The Chip That Ate Its Own Story

Trainium won training. It won prefill. It couldn't win decode. The person who sold the full-stack narrative just left.

Mar 26, 2026

Gadi Hutt, director of product and customer engineering at Amazon’s Annapurna Labs, has left the company. [1] The news, reported by The Information on March 26, landed thirteen days after AWS announced a partnership with Cerebras Systems to disaggregate inference — splitting prefill from decode across two vendors’ chips and routing it all through Amazon Bedrock. [2]

Whether the departure was triggered by the Cerebras announcement or was already in motion, the structural alignment remains the same.

I worked with Gadi and his team across three companies. At AWS, where I spent six years. At Hugging Face, where Inferentia and Trainium adoption were part of the ecosystem play I led as Chief Evangelist. And at Arcee AI, where making custom silicon work in production was a practical, daily question. Gadi ran engineering and solutions architecture teams responsible for making Annapurna’s chips work for customers, not just for pitching them.
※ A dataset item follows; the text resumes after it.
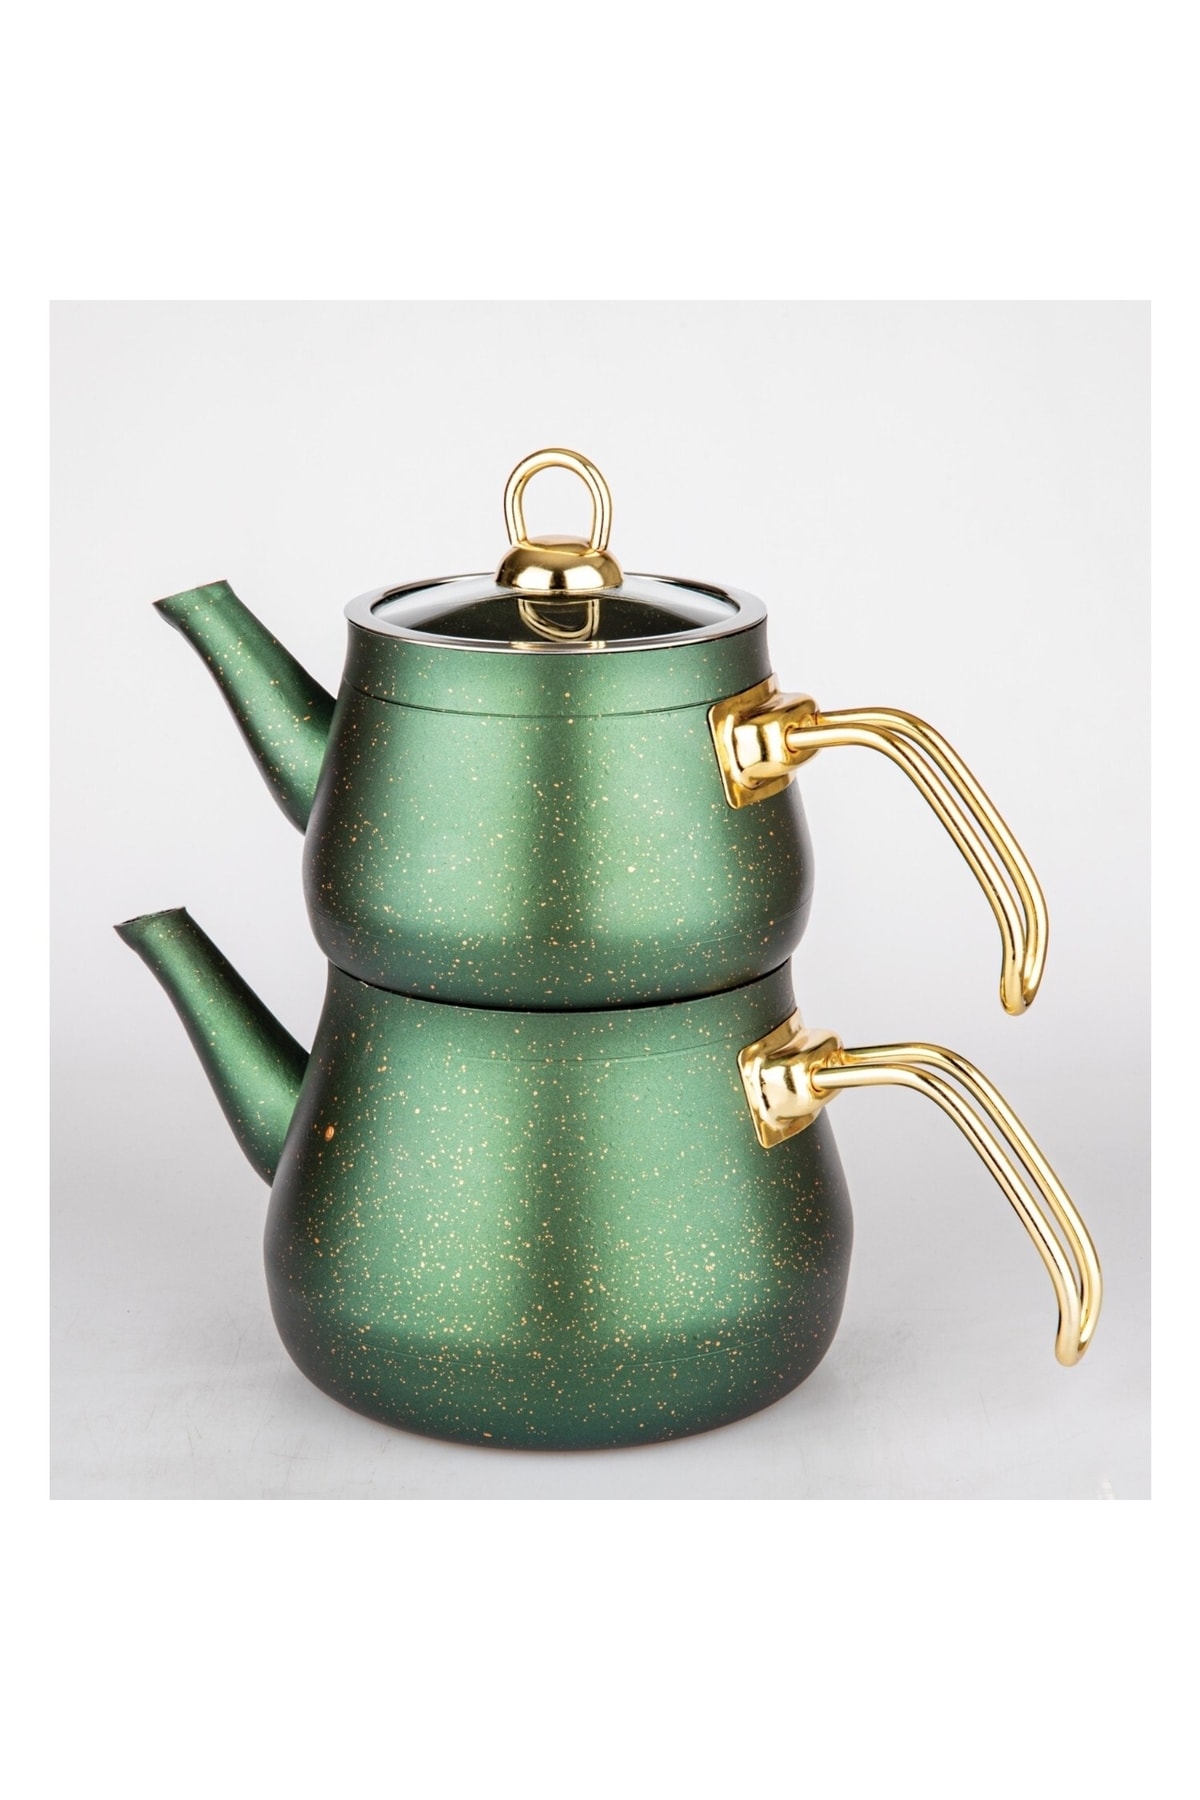 MELYET Granit Çaydanlık Takımı Paslanmaz Sağlam Gold Metal Kulplu Yeşil Cam Kapaklı Çaydanlık

The story he carried held up for a long time: Trainium is a full-stack AI chip that competes with Nvidia on training and inference. One product. One pitch.

That story changed on March 13.

The pivot nobody is naming. The AWS-Cerebras deal is either smart engineering or a structural concession — and the org chart tells you which one Amazon thinks it is. [3] Trainium handles prefill, the compute-bound phase. Cerebras’s WSE-3 handles decode, the memory-bandwidth-bound phase where the model generates tokens sequentially. [4] David Brown, VP of Compute & ML Services, is the named spokesperson for the new architecture, not anyone from Annapurna’s product organization. [5]

Four days before the departure news, TechCrunch ran an exclusive tour of the Trainium lab in Austin. The guides were Kristopher King and Mark Carroll, engineering leadership. [6] Gadi, who had been the external face of Trainium at re:Invent, in Time, in Fortune, was already absent. The phase-out was complete before The Information made it official.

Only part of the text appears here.